Access from outside the home network goes through Pangolin — a self-hosted, tunneled reverse proxy that fully replaces Cloudflare Tunnels. The home network never exposes a port: a connector on the LAN opens an outbound WireGuard tunnel to a VPS, and the VPS terminates HTTPS for the outside world.

Why Pangolin

  • Self-hosted — same "no open home ports" model as Cloudflare Tunnels, but on own infrastructure, with no dependency on Cloudflare's terms or limits.
  • Identity-aware — authentication and per-resource access control sit in front of Home Assistant; automatic SSL certificates included.
  • Open source (Community Edition, AGPL-3), actively developed.

The VPS

An intentionally modest Debian virtual server at a small VPS provider:

ResourceValue
OSDebian
RAM4 GB — Pangolin previously ran fine with just 2 GB
Disk25 GB
RunsDocker, with the Pangolin stack

Pangolin doesn't need much; a fairly modest VM is entirely sufficient.

Firewall gotcha: Docker bypasses ufw

Docker publishes container ports by writing its own iptables NAT rules, which are evaluated before ufw's rules. A port published with -p 8080:80 is reachable from the internet even when ufw blocks it — ufw deny 8080 has no effect. In other words: Docker is fine for development, but running it on an internet-facing box without extra work silently punches holes in the firewall.

The fix used here is chaifeng/ufw-docker:

  1. Install the ufw-docker script (e.g. to /usr/local/bin/ufw-docker) and run ufw-docker install — this appends rules to /etc/ufw/after.rules that filter container traffic through Docker's DOCKER-USER chain.
  2. Restart ufw (sudo systemctl restart ufw).
  3. From then on, container exposure is controlled explicitly with ufw route allow proto tcp from any to any port 443 style rules; private RFC1918 ranges keep working, and public traffic to containers is denied by default.
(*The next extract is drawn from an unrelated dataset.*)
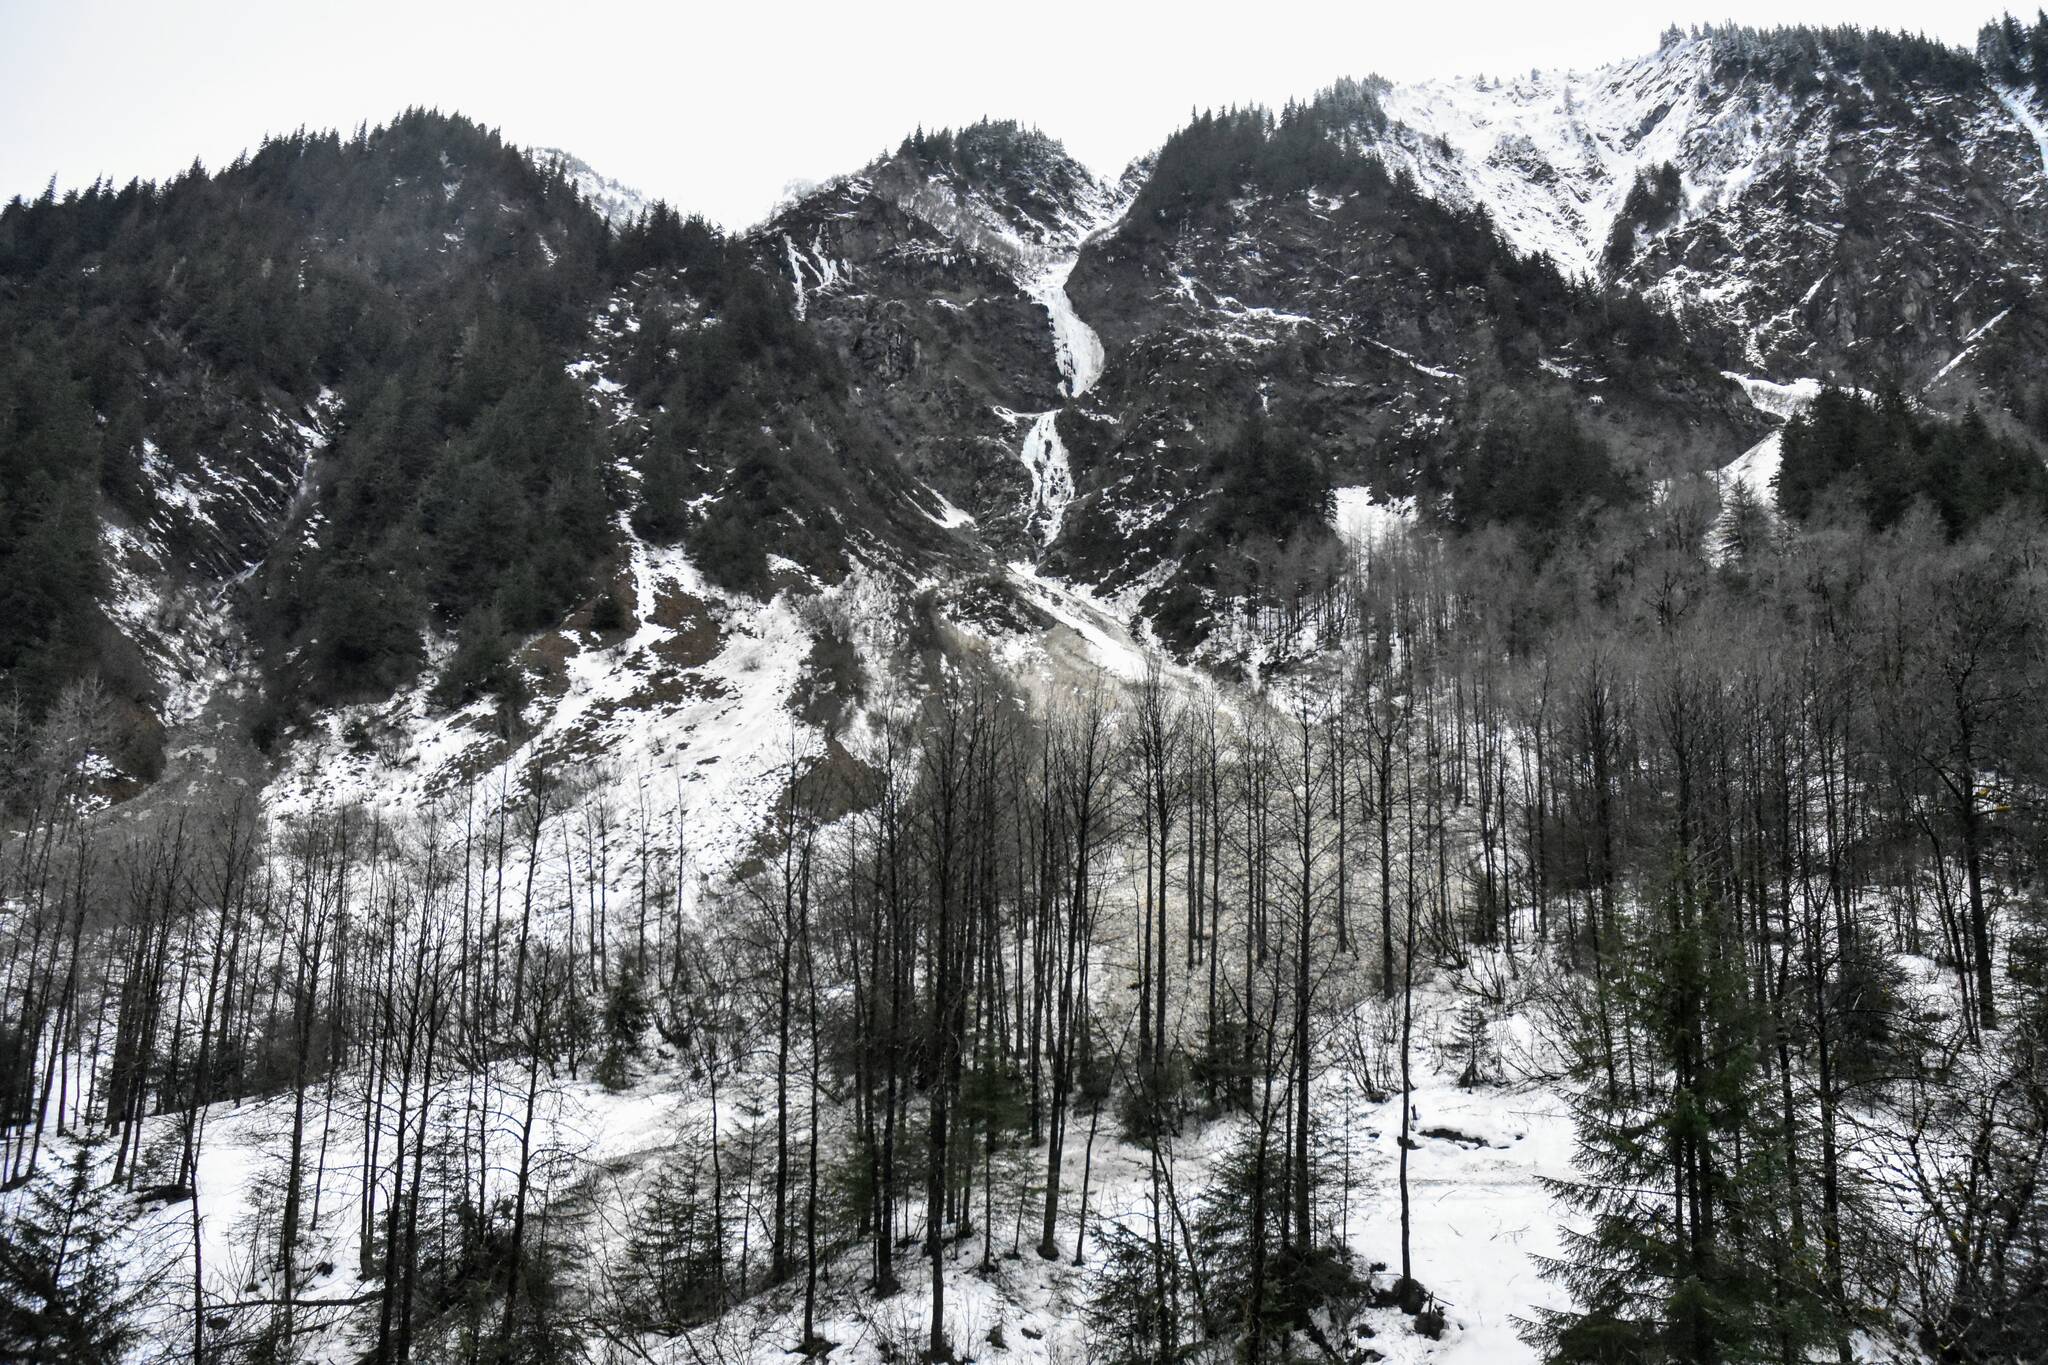 An avalanche above Basin Road covered the Gold Creek Flume Trail on Monday, Jan. 24, 2022, but didn't affect any structures. Heavy rains over the weekend set records in Juneau and caused several small avalanches in the region. (Peter Segall / Juneau Empire)

Do this before running any container on a public VPS

Without ufw-docker (or an equivalent DOCKER-USER policy), every published port of every container is world-reachable regardless of ufw configuration.
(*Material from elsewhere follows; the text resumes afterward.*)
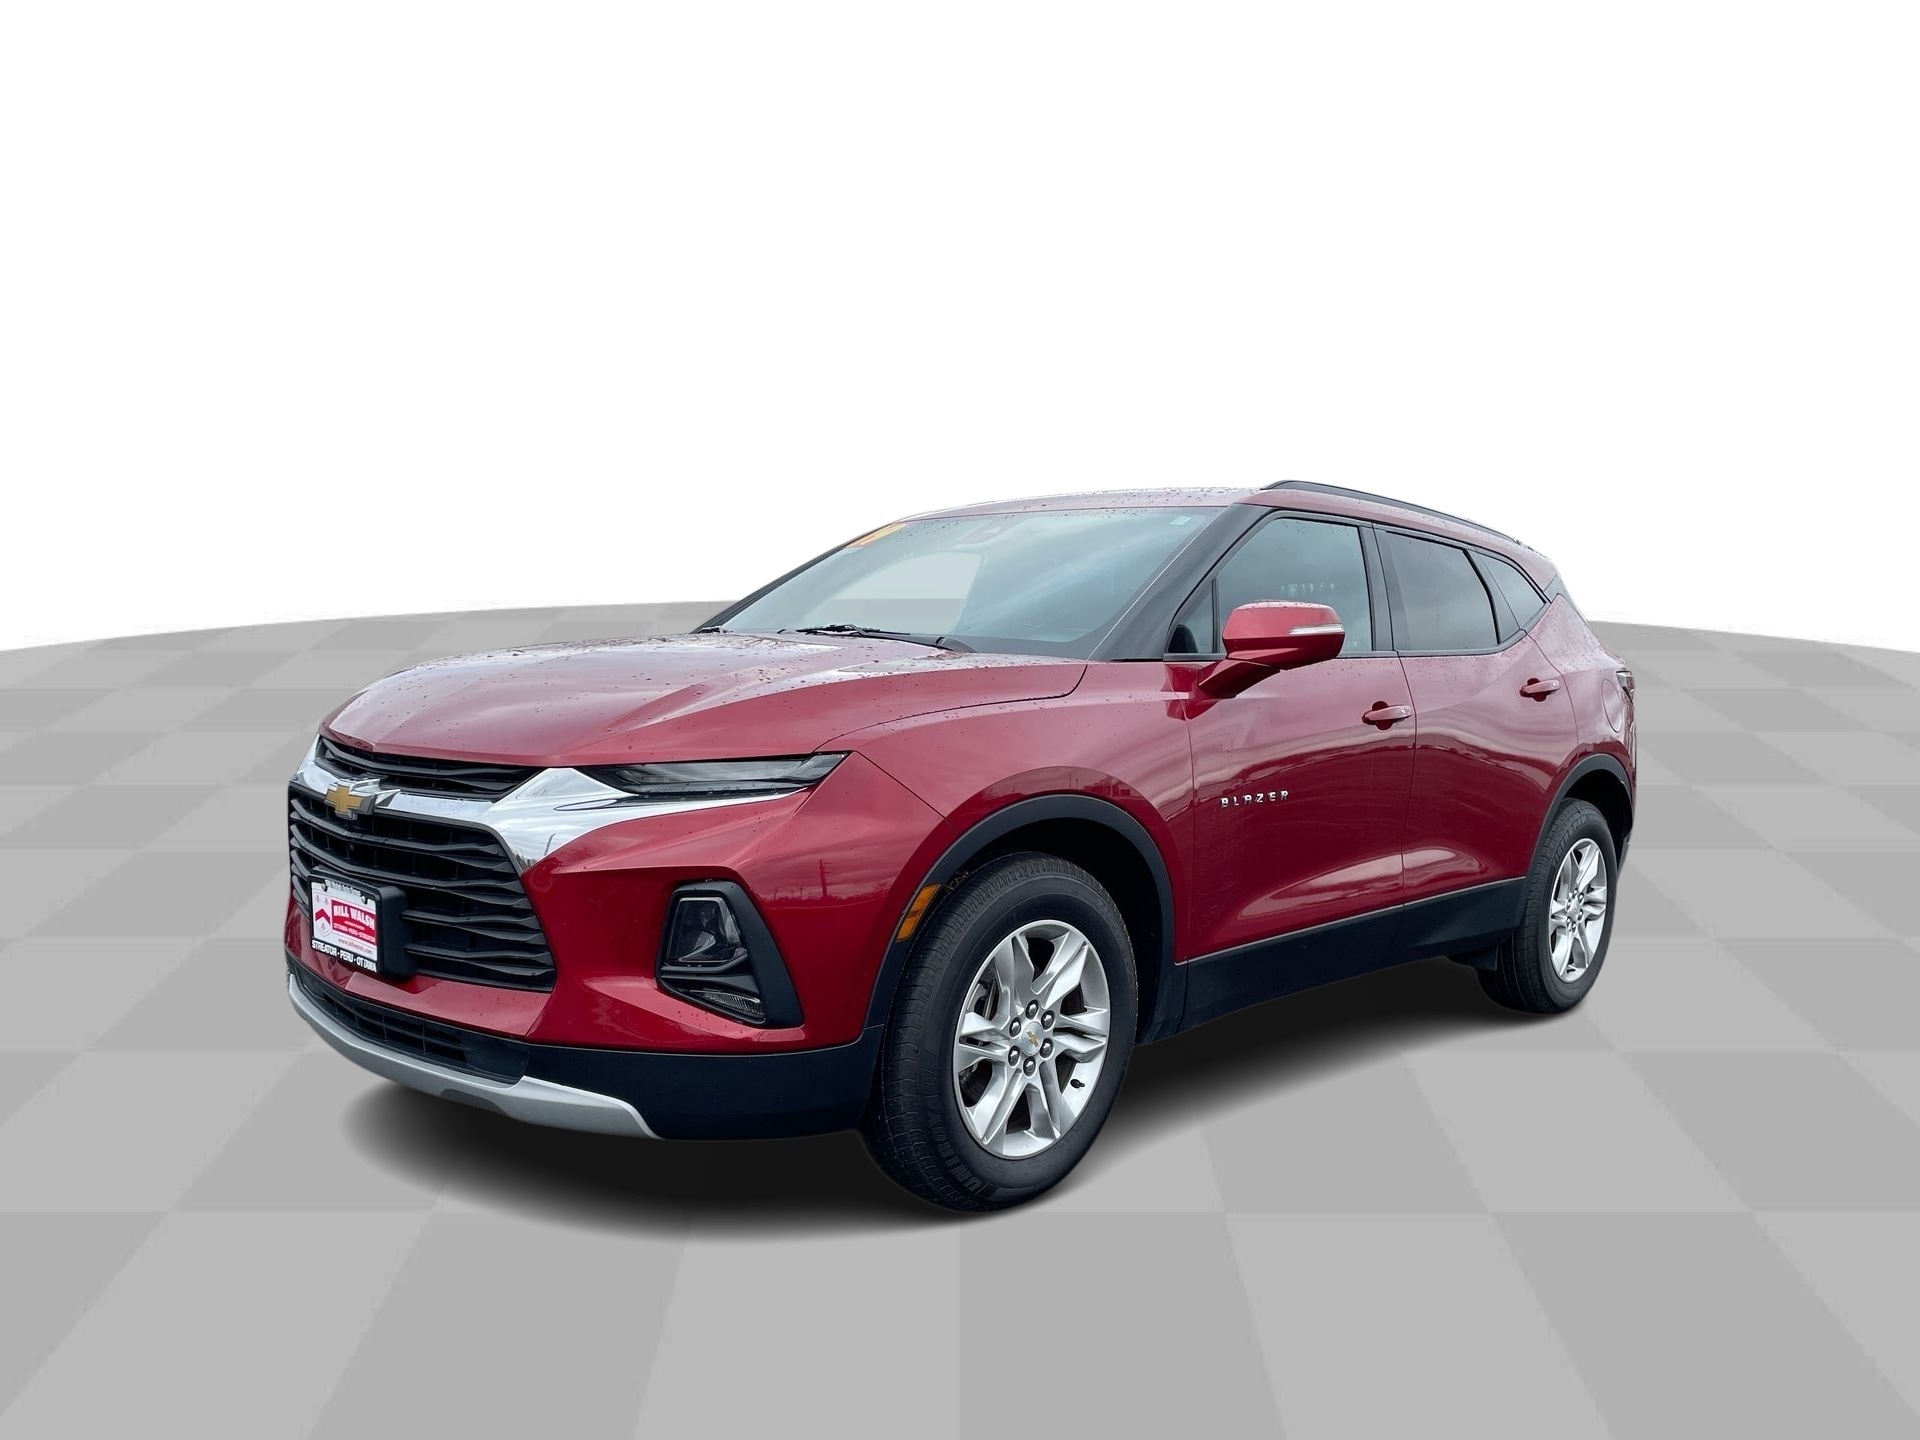 Carbravo 2019 Chevrolet Blazer For Sale at Bill Walsh Superstore

Idea: Podman instead of Docker

Podman would sidestep the whole problem: it is daemonless, can run rootless, and doesn't rewrite the firewall the way Docker's port publishing does — so the ufw-docker workaround would become unnecessary and the attack surface smaller.

Status: to investigate — Pangolin's supported deployment is Docker Compose; whether the full stack runs cleanly under Podman today needs to be verified. Tracked in open questions.